You can see for yourself
Yes, it got even faster! I still can't believe it!
Several processings were done in +- 8 to 9 minutes and now they are being processed in 3.3 minutes!!!
I am not experienced in ASM but I can make small changes and simple routines.
See how the main part is in the processing:
Code: Select all
i4q=CreateB(@aux2)
FillMemory(@conte(), (mate(i0,14)+1)*8, 0, #PB_Integer)
i6=mate(i0,10): kk2=mate(i0,11)-i6+1
!mov r10,[a_conte]
!mov rcx,1
!MOV r13, qword [v_kk2]
!l_jump12:
!mov r9, [v_i6]
!shl r9, 3
!add r9, [a_matf]
!mov rax, [v_i4q]
!and rax, [r9]
!popcnt rax, rax
!add [r10 + rax * 8],rcx
!add [v_i6], 1
!dec r13
!jnz l_jump12
It's working great! and very... very... very fast!
note: The above code will not work because there are external variables and arrays that are not present here.
Re: Comparisons in mathematical simulations
Posted: Sun May 21, 2023 6:30 am
by wilbert
fvillanova wrote: Sun May 21, 2023 1:13 am
It's working great! and very... very... very fast!
note: The above code will not work because there are external variables and arrays that are not present here.
I think there's still some room for improvement on your code.
You don't have to update the i6 variable al the time. You can do it once after the loop has finished.
The code below should accomplish the same as your code.
Code: Select all
i4q=CreateB(@aux2)
FillMemory(@conte(), (mate(i0,14)+1)*8, 0, #PB_Integer)
i6=mate(i0,10): kk2=mate(i0,11)-i6+1
!mov r9, [v_i6] ; r9 = @matf() + i6 * 8
!shl r9, 3
!add r9, [a_matf]
!mov r10, [a_conte] ; r10 = @conte()
!mov rcx, [v_kk2] ; rcx = kk2
!l_jump12:
!mov rax, [v_i4q]
!and rax, [r9]
!popcnt rax, rax
!add qword [r10 + rax * 8], 1
!add r9, 8
!sub rcx, 1
!jnz l_jump12
i6+kk2
Re: Comparisons in mathematical simulations
Posted: Sun May 21, 2023 2:03 pm
by fvillanova
wilbert wrote: Sun May 21, 2023 6:30 am
I think there's still some room for improvement on your code.
You don't have to update the i6 variable al the time. You can do it once after the loop has finished.
The code below should accomplish the same as your code.

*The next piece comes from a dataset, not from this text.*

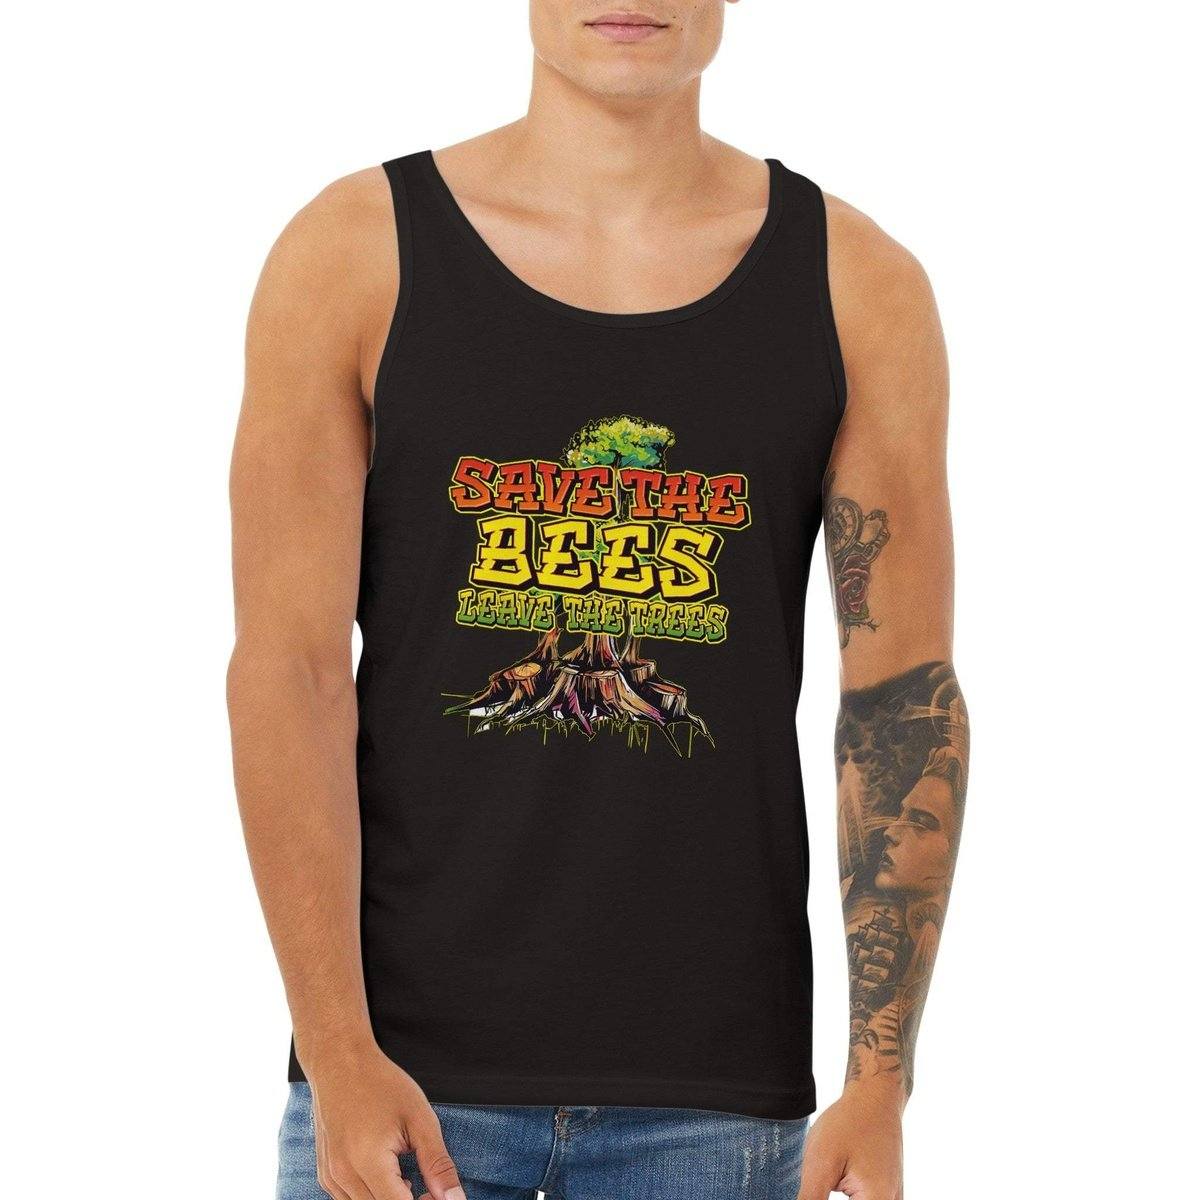 Save The Bees Tank Top - Leave The Trees - Stumps - Premium Unisex Tank Top Australia Online Color Black / XS
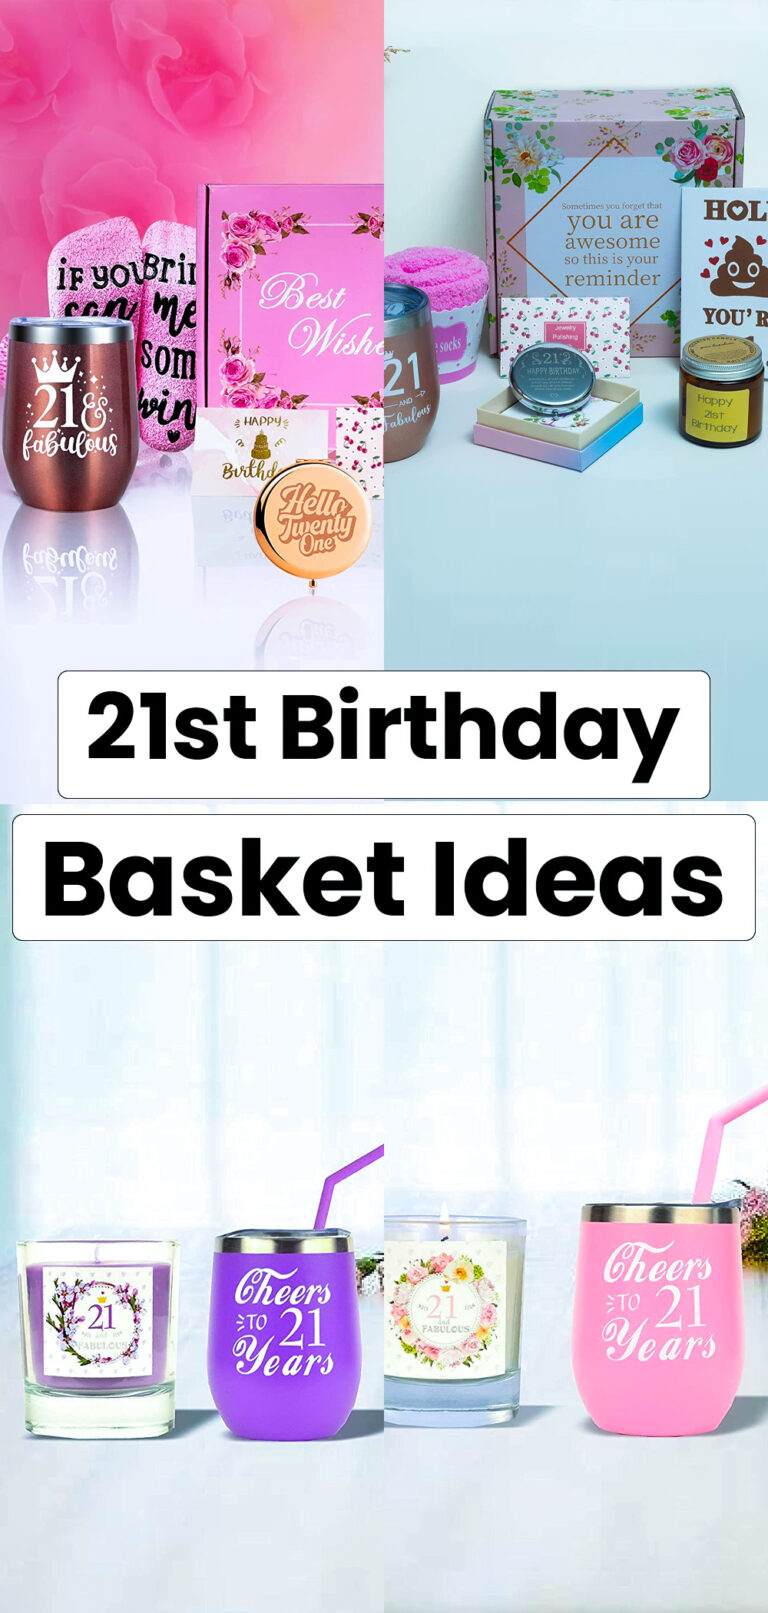 21st Birthday Basket Ideas

Unbelievable! you are the man!
Really, i6 was no longer necessary to be incremented, it was needed in the previous routines, and I didn't see it.
The other speedup you did, doubled the speed, wow!
This is the "Holy Grail" for my routine.
There are some details that I didn't show you, because it is used in 8 places in the system, including where it uses the four variables to be able to make PopCount with more than 64 (0 or 1)
Now, I put it in this segment of the program that consumes more processing because the mate(x,y) array have a large variation of values, later I will replace those in the other seven places.
Thanks again for your help.